PROVIDED RECORDS Block Start

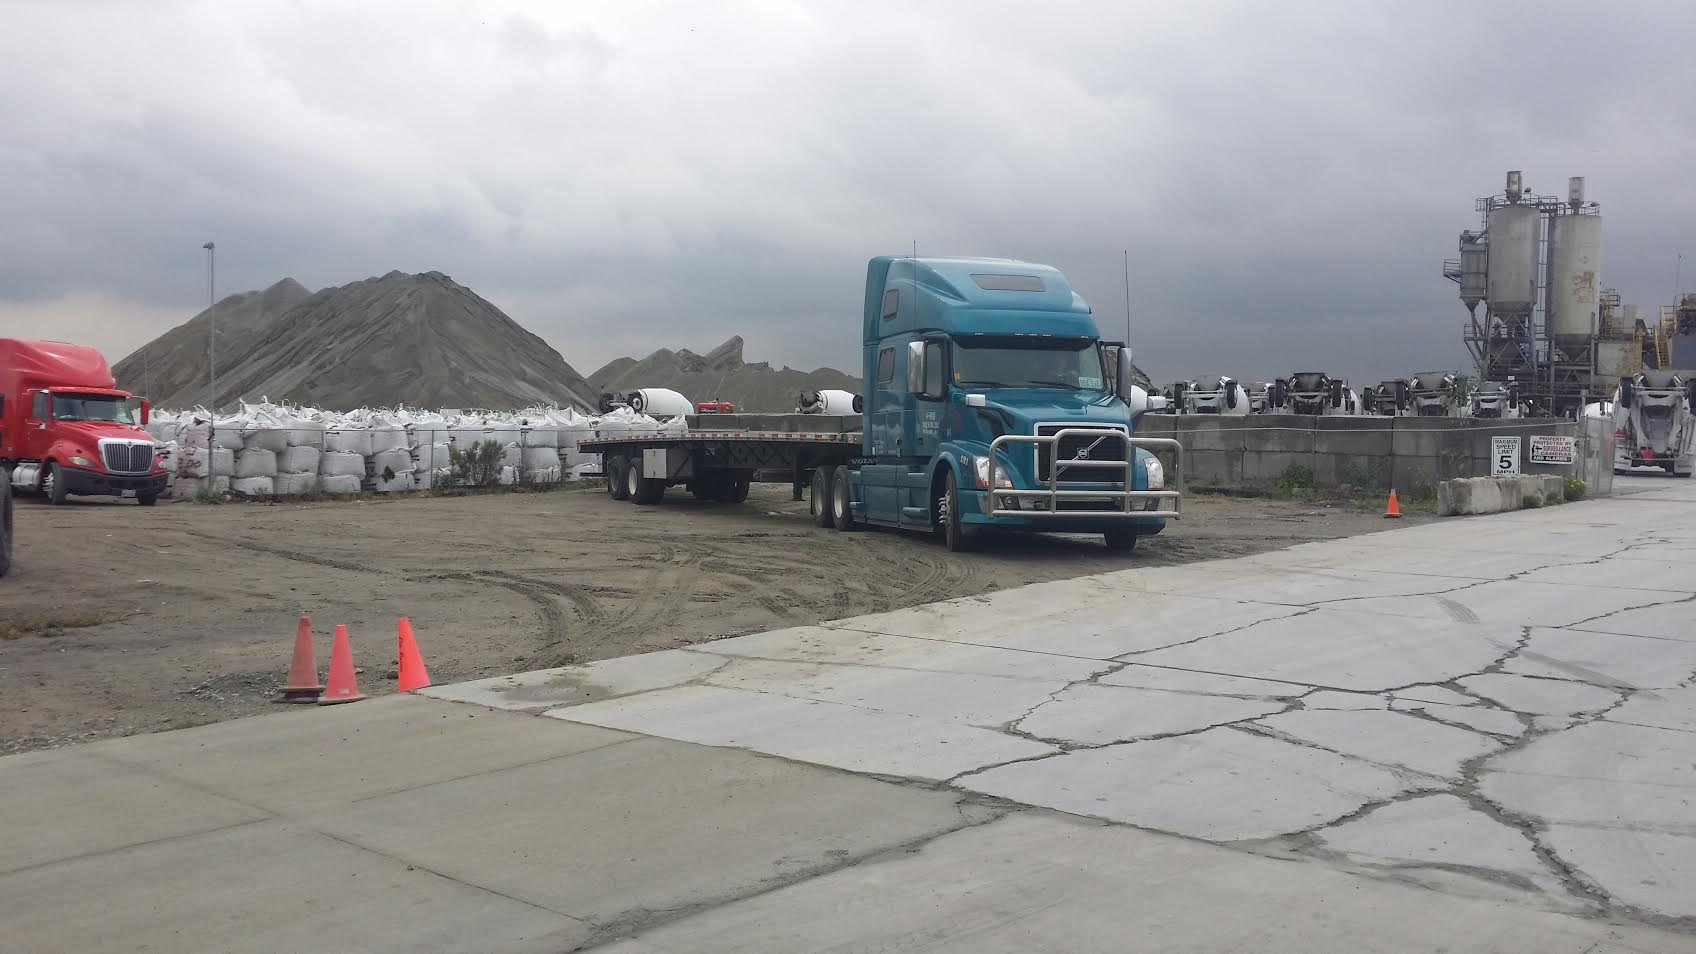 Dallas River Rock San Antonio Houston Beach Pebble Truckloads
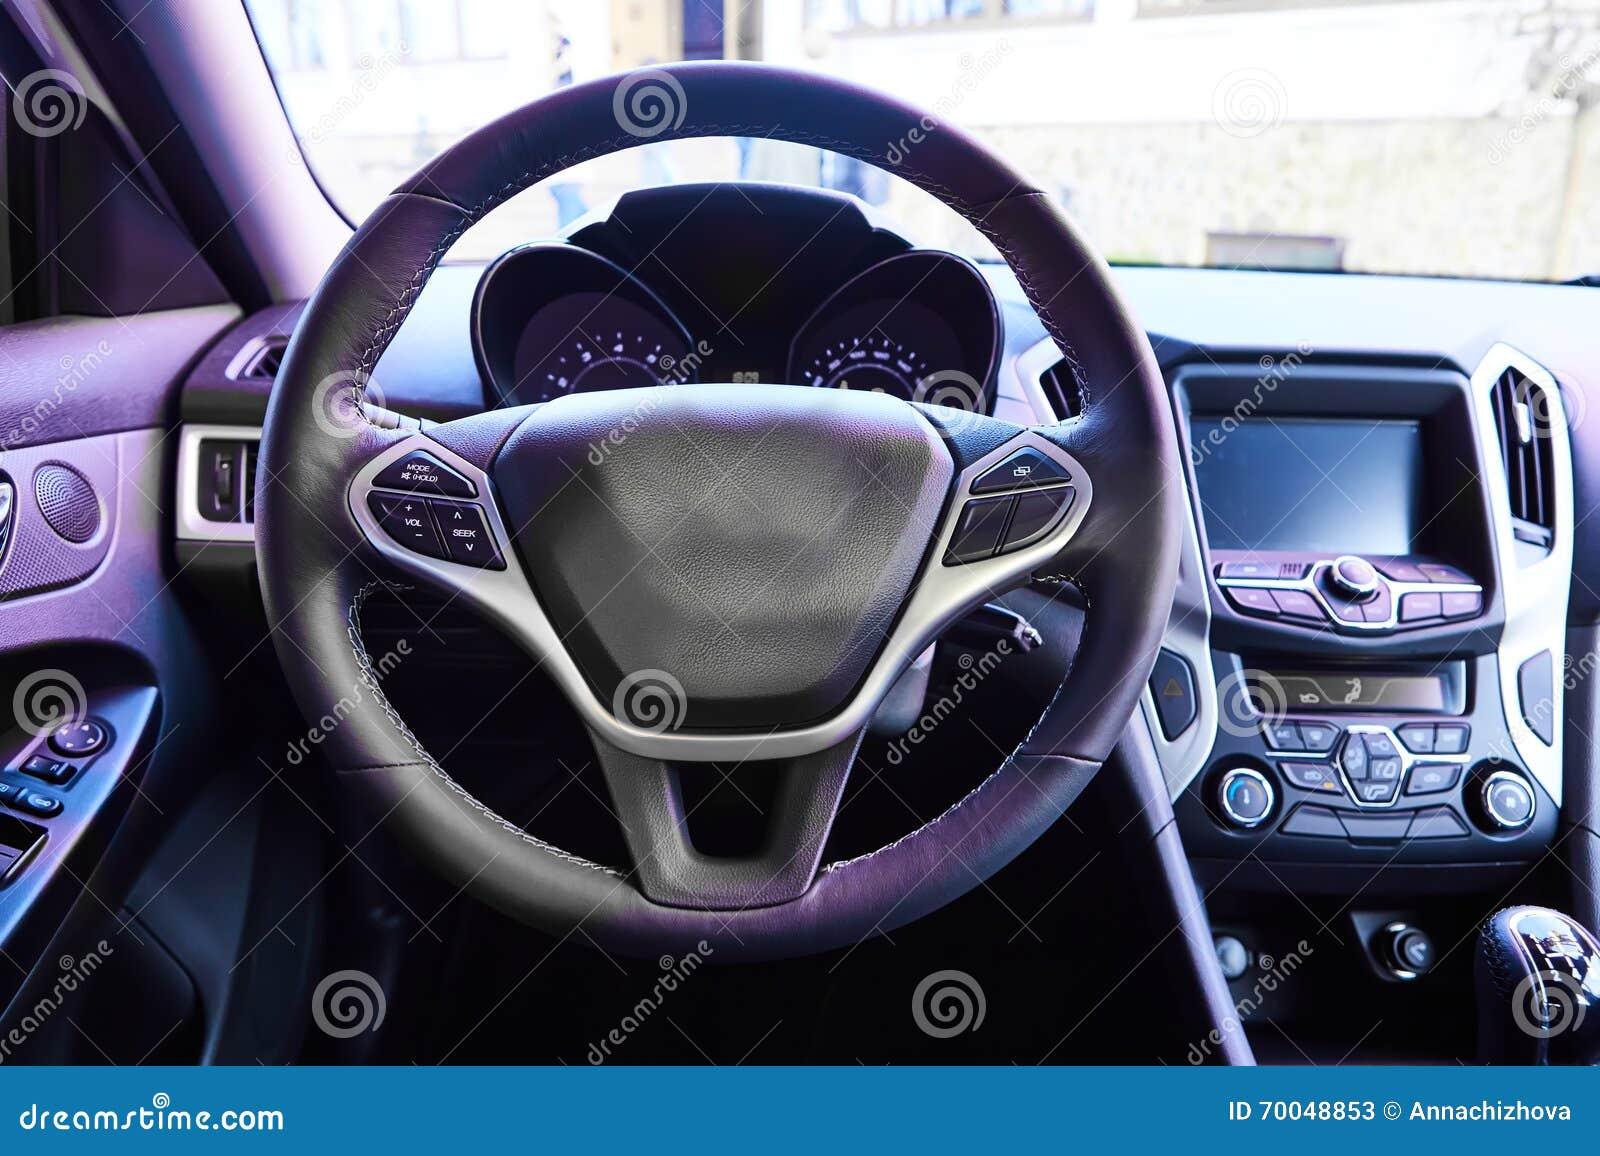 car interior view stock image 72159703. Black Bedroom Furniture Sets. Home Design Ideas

PROVIDED RECORDS Block End
PROVIDED RECORDS Block Start

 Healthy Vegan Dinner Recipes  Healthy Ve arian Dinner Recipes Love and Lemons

PROVIDED RECORDS Block End

Your answer should consist of the lines above between those holding "Dallas River Rock" and "car interior view", inclusive, reproduced word for word and without pictures.

**TASK SOLUTION**.
 Dallas River Rock San Antonio Houston Beach Pebble Truckloads
 car interior view stock image 72159703. Black Bedroom Furniture Sets. Home Design Ideas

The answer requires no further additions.